I have some bad news. Monica has collapsed.

*

My grandfather was a guru. In his nineties, he had a following of young white hippies in Central Florida who lovingly called him "Raj" -- short for Guru Raja Bahari, his yoga name. They came to his house for meditations and afterwards, one dad with a daughter named Autumn had us ride in the bed of his pickup truck while he took my grandfather on some errand or other.  Will and I got nervous when it started to rain, but Autumn just smiled and pivoted around with her back to the cab window. She waved us next to her and we watched the rain magically pass over our heads and hit the rear of the truck bed past our feet. 
Wow, said Will, who never said "Wow." He reached his arm out and up, and raindrops spattered to his elbow. 
What are you doing? Autumn grabbed his wrist, laughing. Your granny's gonna be mad if you come in wet. 
Now, I know the pickup truck magic was the fluid of the air accelerating around and then downward as the truck moved through it; in the front, the windshield hit rain and the wind both, and the heavier rain won through and confused the glass; but in back, once the body of the the truck tore through it, the wind gained enough speed that it swept the raindrops away in its downward path over the roof and sheltered us from the storm. 

*

At the end of his life, my grandfather ceased to see his students, ate little, and meditated all day long.

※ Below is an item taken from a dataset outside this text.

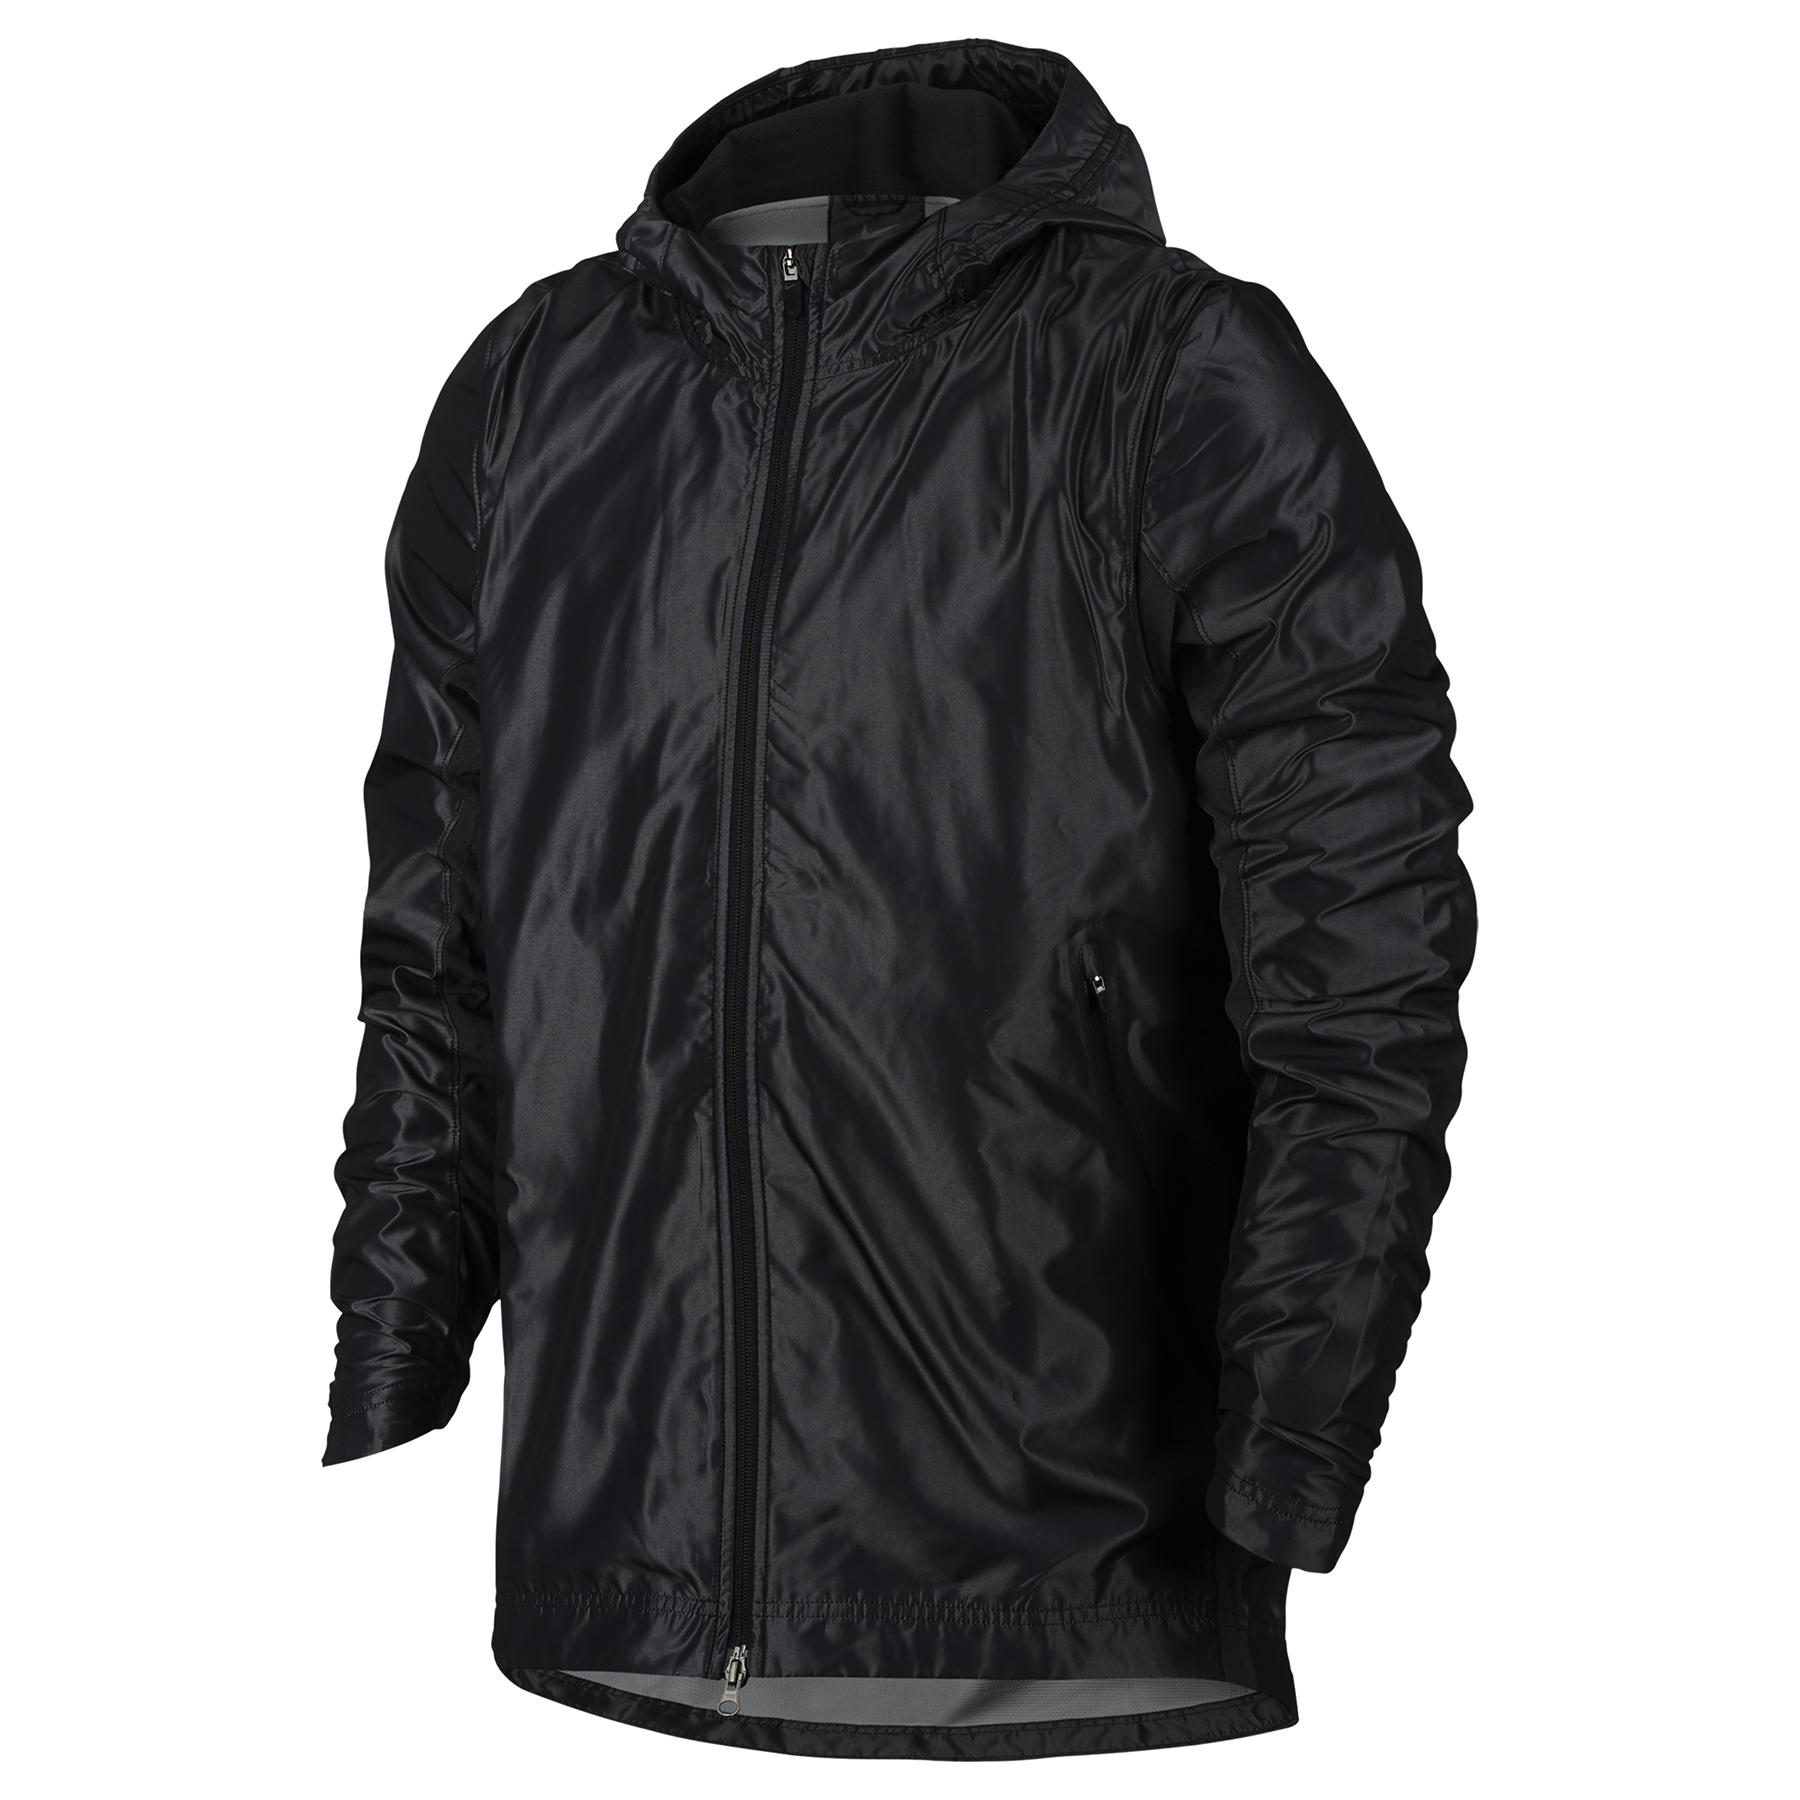 Nike Hyper Elite Basketball Jacket - Anthracite
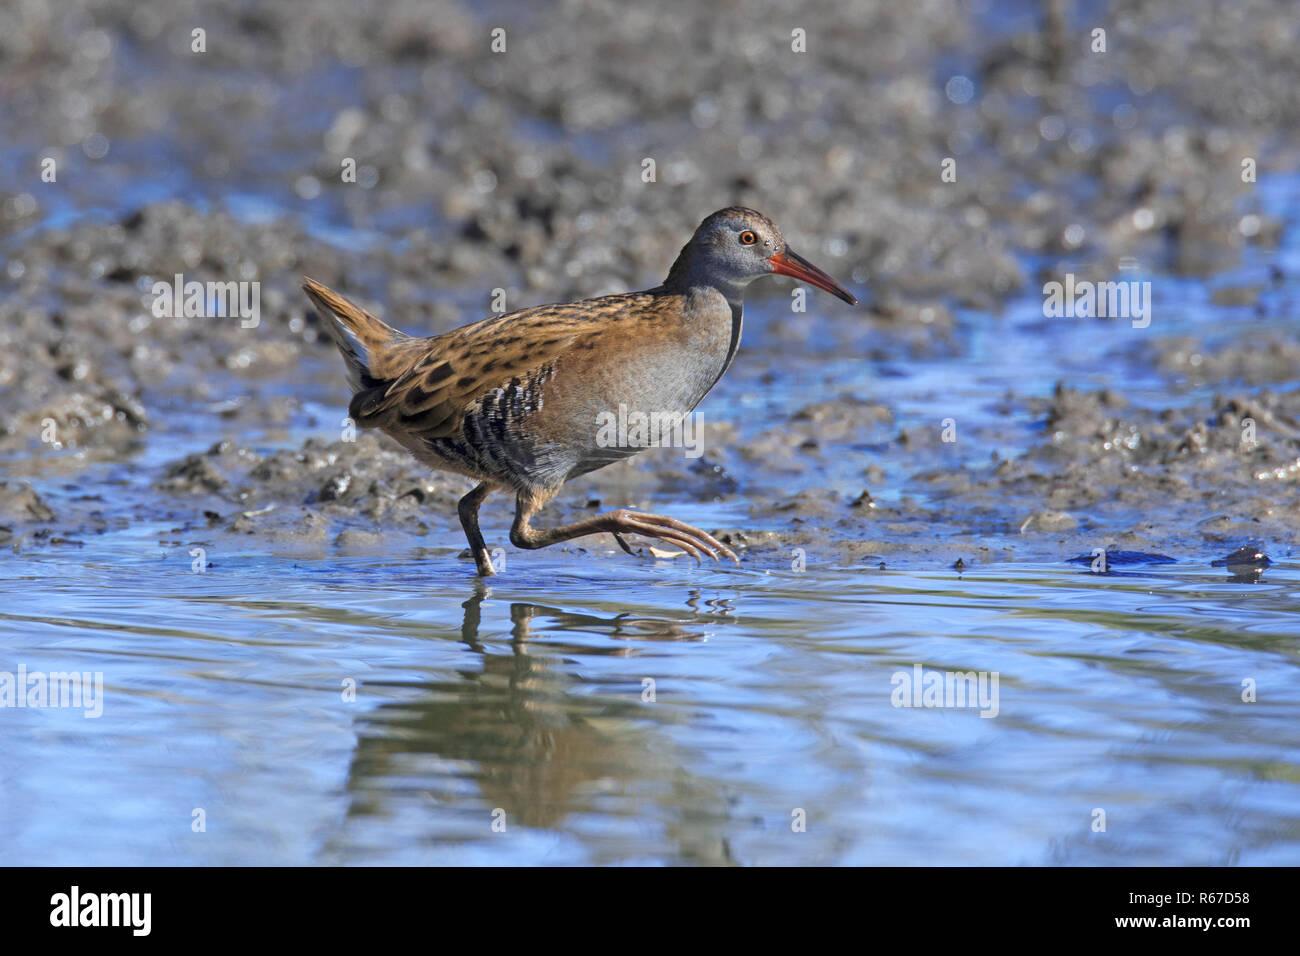 Water rail (Rallus aquaticus) foraging in shallow water in wetland / marsh / marshland - Stock Image

My grandmother banged pots and opened and slammed doors shut in the quiet of the house, though she never actually dared open the door to his room. When he went for his evening walk, and she went into her back vegetable garden, I would quickly enter his room to study its single cot, seven-day candle, and black and white pictures of Parahamsa Yogananda on the dresser next to a photograph of my grandfather in his Rosicrucian robes. In the photos, Yogananda and Grandpa's faces were smooth and evenly brown, as though they were simply boys in the same grade school class, their bright eyes lit from inner depths. On a low table lay a Bible and several copies of Autobiography of a Yogi, which Grandpa kept to give to everyone who visited. Compared to the rest of the house, which was floor to ceiling multiple patterns in green, pink or yellow, the blue room where he spent hours in silence was stark and bare. 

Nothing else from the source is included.